Vieles von dem, was wir tun, hat Frau Hoffmann gerade schon ausgeführt. Der Kollege aus dem BMI kann sicherlich über die Sachen, die wir teilweise gemeinsam zwischen den Ressorts mit dem THW machen, Auskunft geben. Auch andere Ressorts ‑ ich glaube, BMWK und BMZ ‑ sind hier mit umfangreichen Hilfsleistungen vertreten.

Ich sage vielleicht kurz, was das Auswärtige Amt im Bereich der humanitären Hilfe an Winterhilfe für die Ukraine in Umsetzung hat. Dabei geht es um insgesamt 100 Millionen Euro. Bis Jahresende sollen etwa 300 000 Personen mit Decken, Matratzen und winterfester Kleidung, 75 000 Haushalte mit Heizungen und 50 000 weitere Haushalte mit Brennstoffen ausgestattet werden. Gemeinschaftsunterkünfte für 40 000 Menschen sollen winterfest gemacht und Wohnungen von 18 000 Haushalten gedämmt werden. Wir haben außerdem erste Mittel für den sogenannten Ukraine Energy Support Fund bereitgestellt.

Vielleicht kann der Kollege aus dem BMI etwas zur Unterstützung durch das THW sagen.

[…]

FRAGE: Herr Burger, ich habe eine technische Frage.
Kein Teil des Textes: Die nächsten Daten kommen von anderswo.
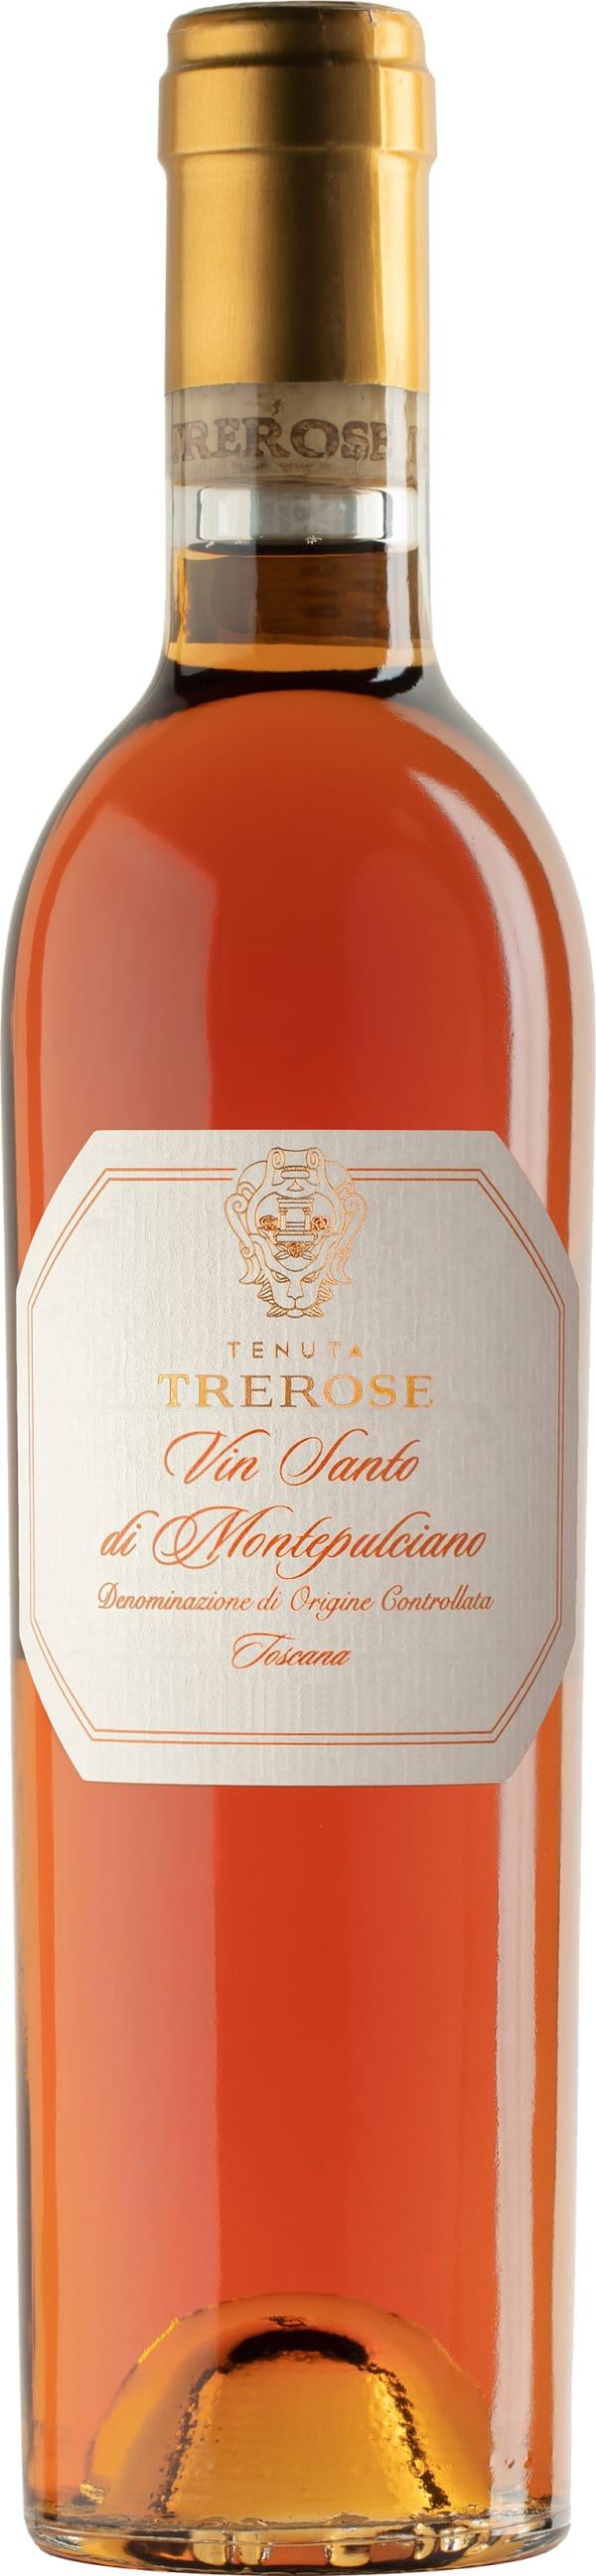 TreRose Vin Santo di Montepulciano 2010

Es gibt das NATO-Außenministertreffen, das dann um die G7-Außenminister erweitert wird, oder sind daran noch mehr Außenminister beteiligt? In welcher Form findet das statt? Sind sie physisch vor Ort?

BURGER: Es gibt das Treffen der NATO-Außenministerinnen und -Außenminister. Am Rande dieses Treffens richten wir ein Treffen in einem erweiterten G7-Format aus. Das ist jetzt nicht NATO plus, sondern es ist G7 plus. Den genauen Teilnehmerkreis kann ich Ihnen heute noch nicht sagen. Ob sich dort einzelne Teilnehmerinnen oder Teilnehmer möglicherweise virtuell zuschalten, kann ich Ihnen auch noch nicht sagen. Wie gesagt, das ist ein Treffen, das wir einfach aufgrund der Tatsache, dass ein erheblicher Teil der einschlägigen Staaten ohnehin physisch vor Ort in Bukarest sein wird, ausrichten werden.

Ein Kollege, der aufmerksam zuschaut, wirft mir gerade zu: Aus dem G7-Kreis wird jedenfalls Japan per Zuschaltung teilnehmen. Soweit wir bisher wissen, sind alle anderen Teilnehmer physisch vor Ort.